§ **DATA**

———

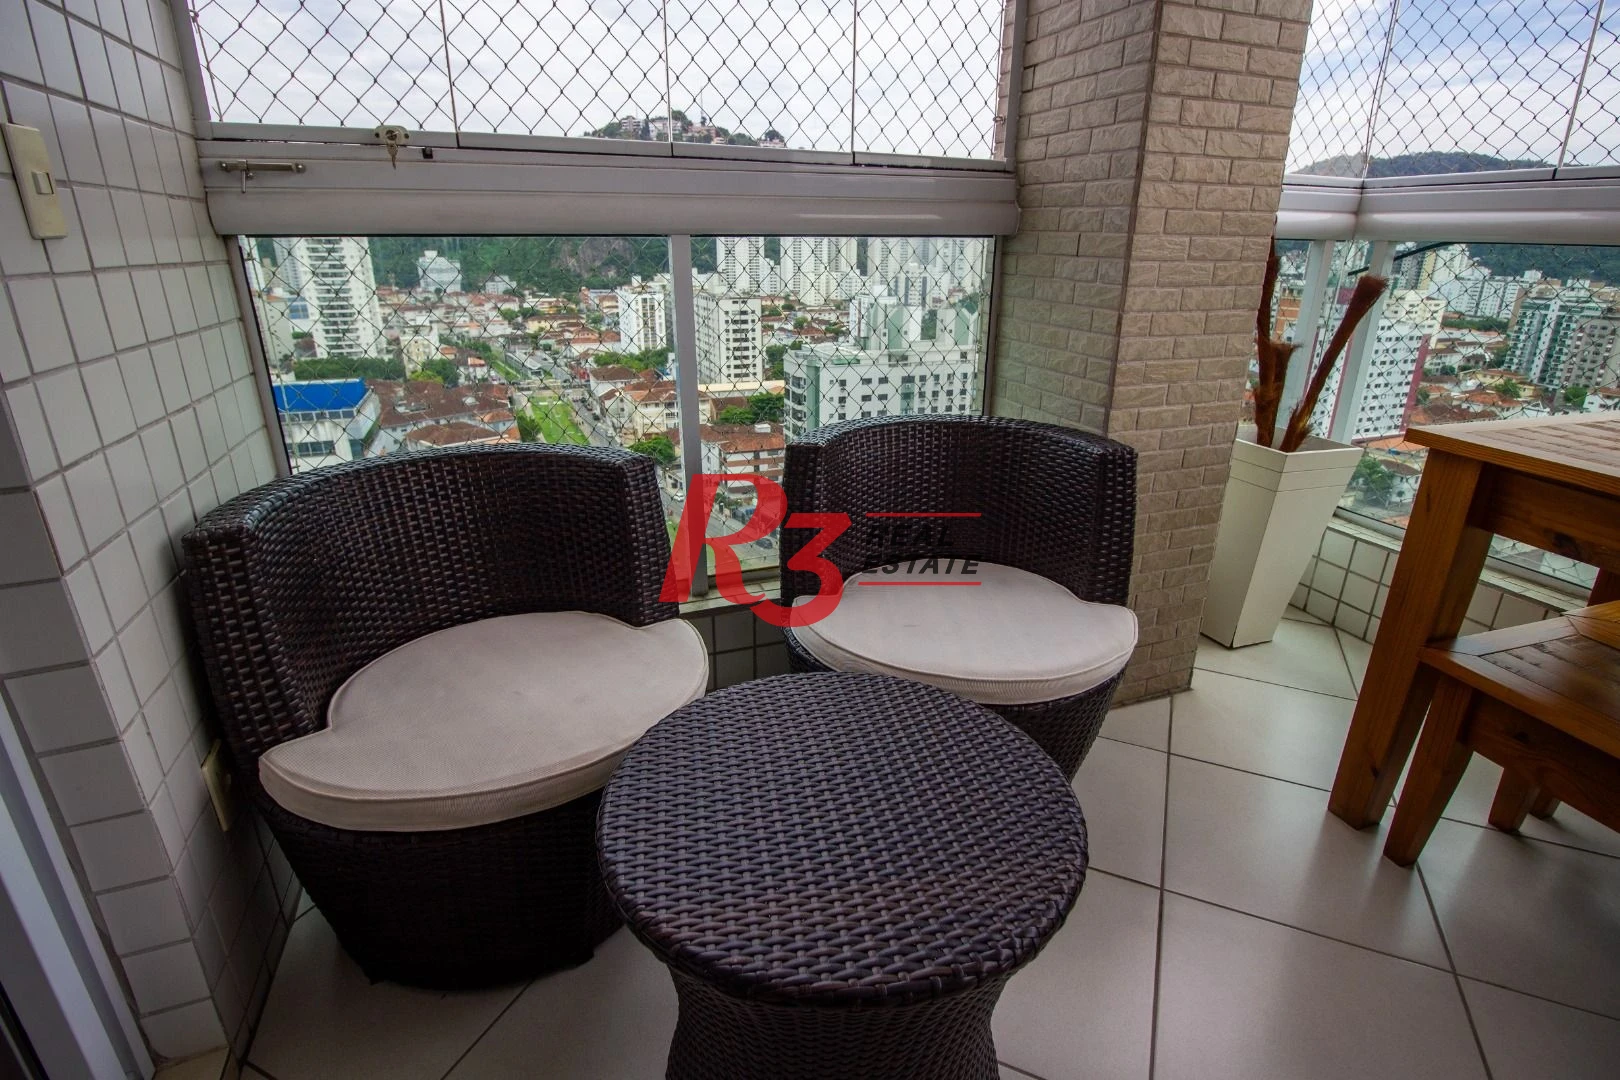 Apartamento Duplex com 3 dormitórios à venda, 127 m² por R$ 1.300.000,00 - Pompéia - Santos/SP
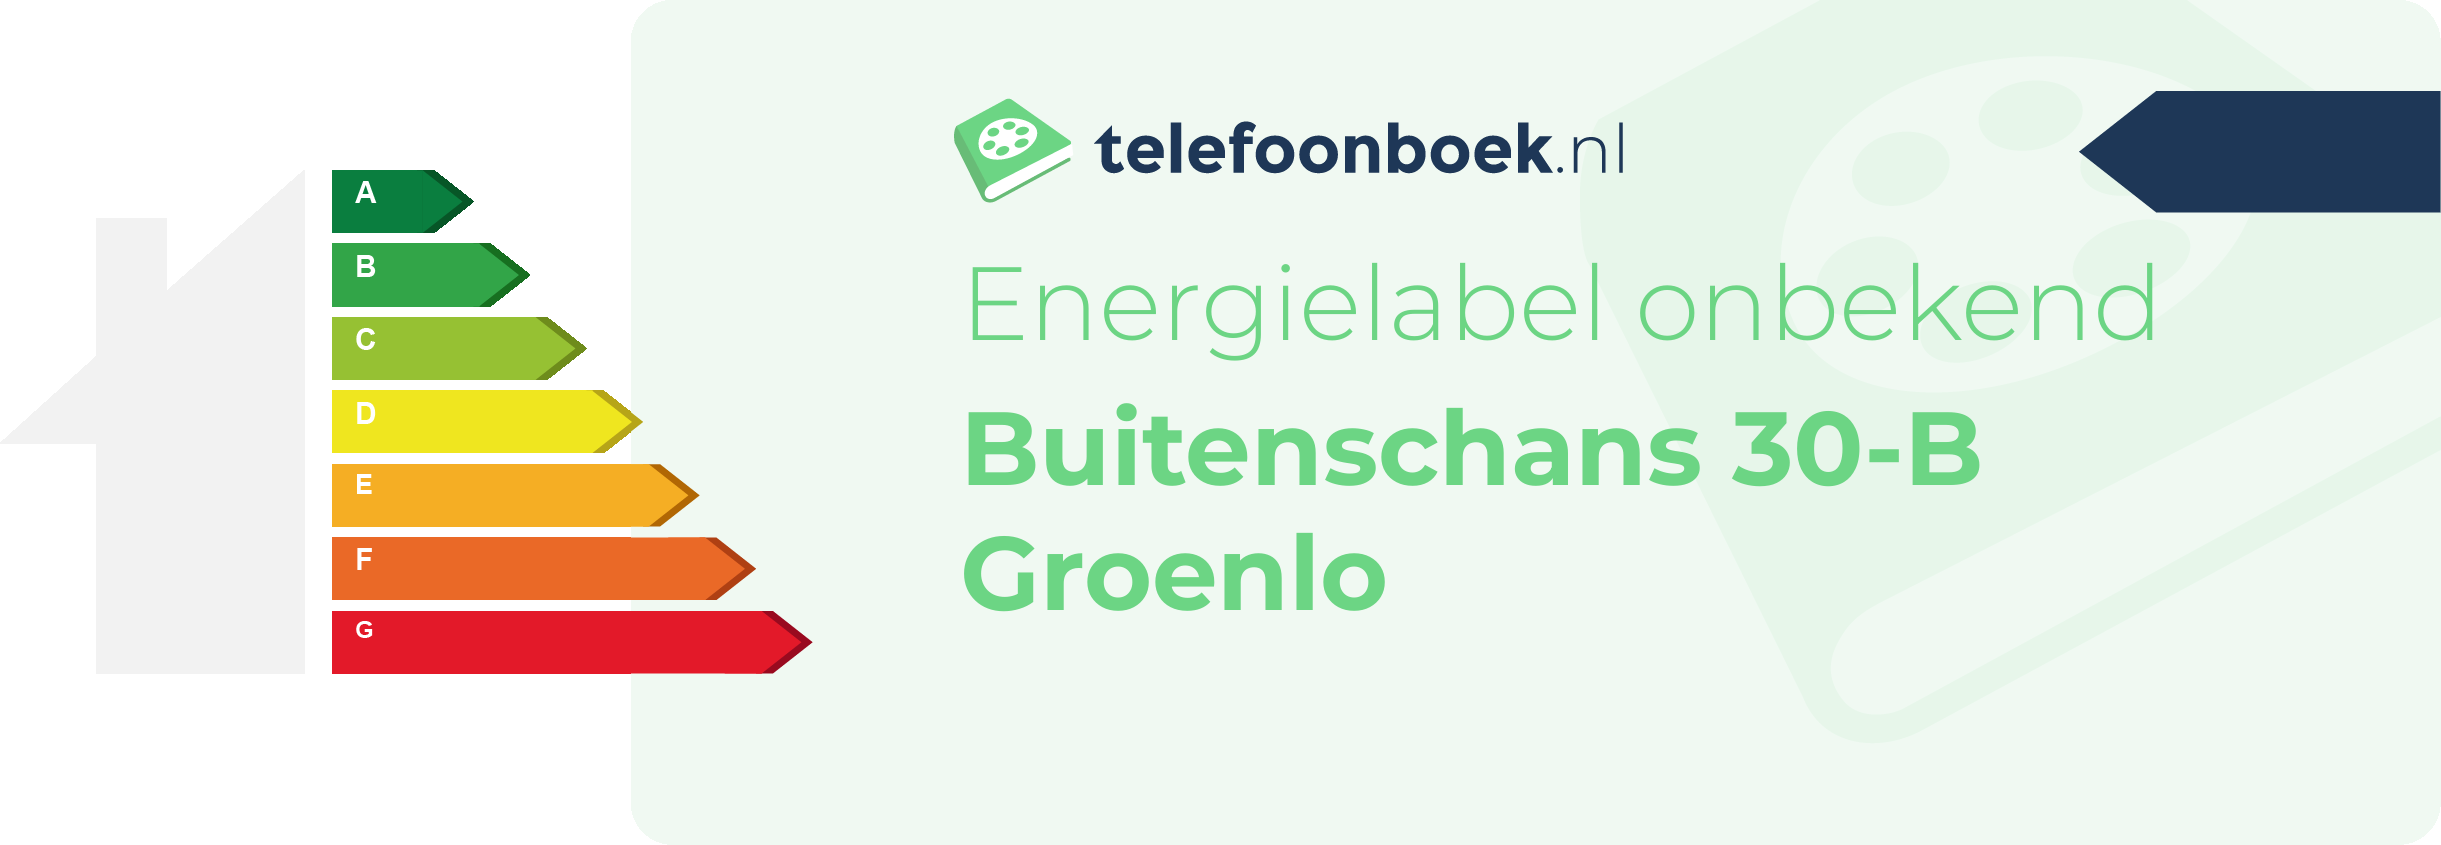 Energielabel Buitenschans 30-B Groenlo
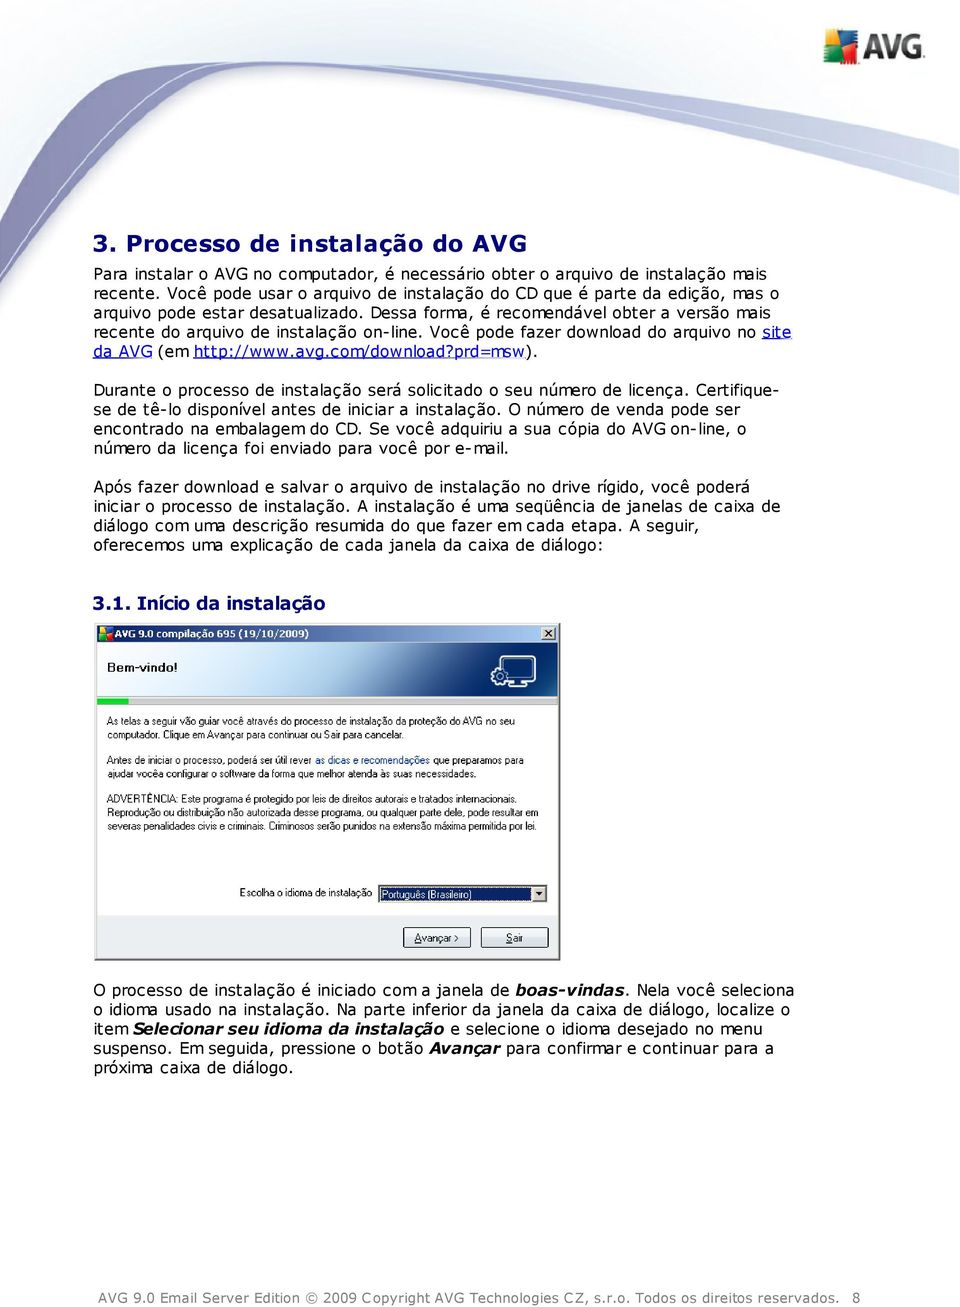 Você pode fazer download do arquivo no site da AVG (em http://www.avg.com/download?prd=msw). Durante o processo de instalação será solicitado o seu número de licença.

———

Could you reproduce exactly the lines running from the one with "Energielabel Buitenschans 30-B Groenlo" through the final line of the listing above, both included, and drop the pictures?

 Energielabel Buitenschans 30-B Groenlo
 Você pode fazer download do arquivo no site da AVG (em http://www.avg.com/download?prd=msw). Durante o processo de instalação será solicitado o seu número de licença.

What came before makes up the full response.